The deadline to register an existing higher risk building [HRB] with the regulator, and submit the required key building information, passed in October last year and, from 6th April this year, the BSR will begin to call in buildings for assessment.

In order to apply for and obtain a Building Assessment Certificate, the Accountable Person, that is the dutyholder for occupied HRB’s, must submit three key pieces of information.

  • A Safety Case Report
  • A Residents Engagement Strategy
  • A framework and process for reporting mandatory occurrences

Based on this information the BSR will assess the building and, if satisfied, issue a Building Assessment Certificate, which must be displayed. Failure to do so is an offence under the Act. In their Strategic Plan published last year, the BSR has predicted that it will take around five years to assess all existing buildings for the first time, alongside any new buildings that come into scope in the same period.

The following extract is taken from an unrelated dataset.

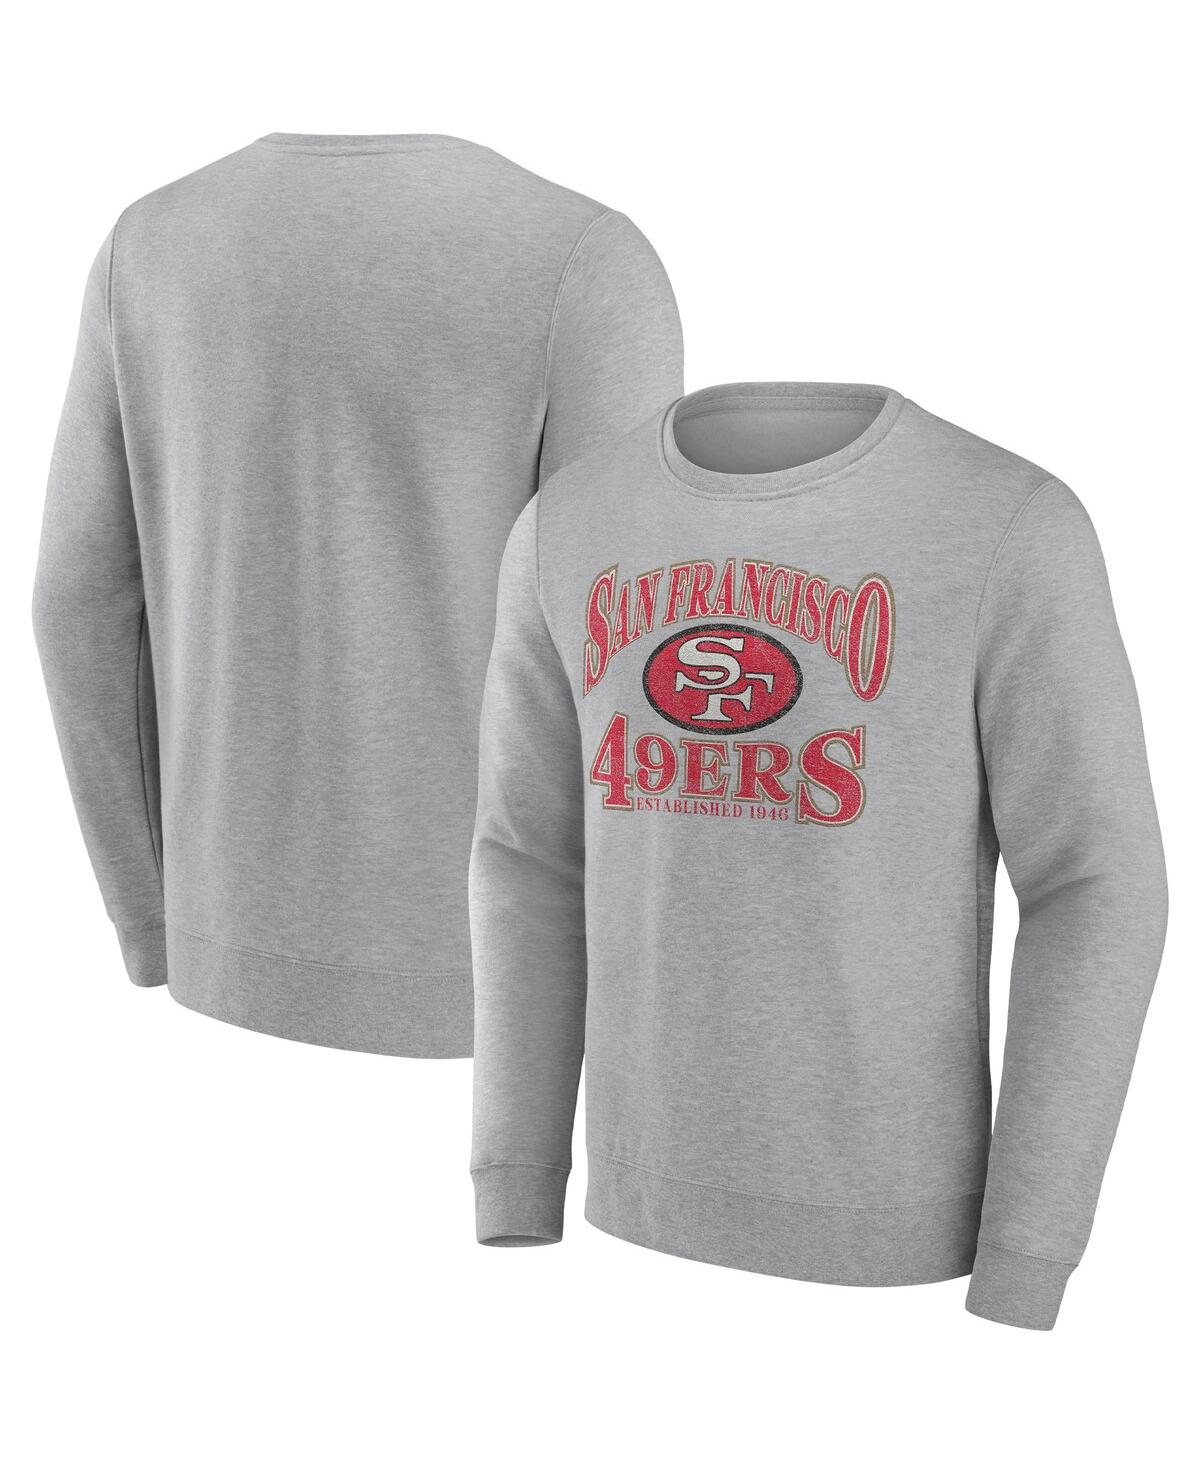 Fanatics Men's  Heathered Charcoal San Francisco 49ers Playability Pullover Sweatshirt

So they have placed buildings into five annual groups based on height and number of dwellings, so the tallest buildings with the greatest number of dwellings will be assessed first.

They have also said that buildings with un-remediated aluminium composite material (ACM) cladding will be assessed in the first year, regardless of height or number of dwellings.

If you are the Accountable Person you need to act now to;

  • identify and assess building safety risks and take all reasonable steps to ensure those risks are mitigated and controlled,
  • ensure that residents are engaged and informed, and
  • put in place a process to capture and report mandatory safety occurrences that have or could occur.

This last point is worth highlighting. If an inspection of a building undertaken as part of the safety case report identifies a risk related to fire spread, fire safety or structural failure that could lead to death or serious injury, it needs to be reported to the BSR. Failure to do so is an offence and could lead to enforcement and prosecution.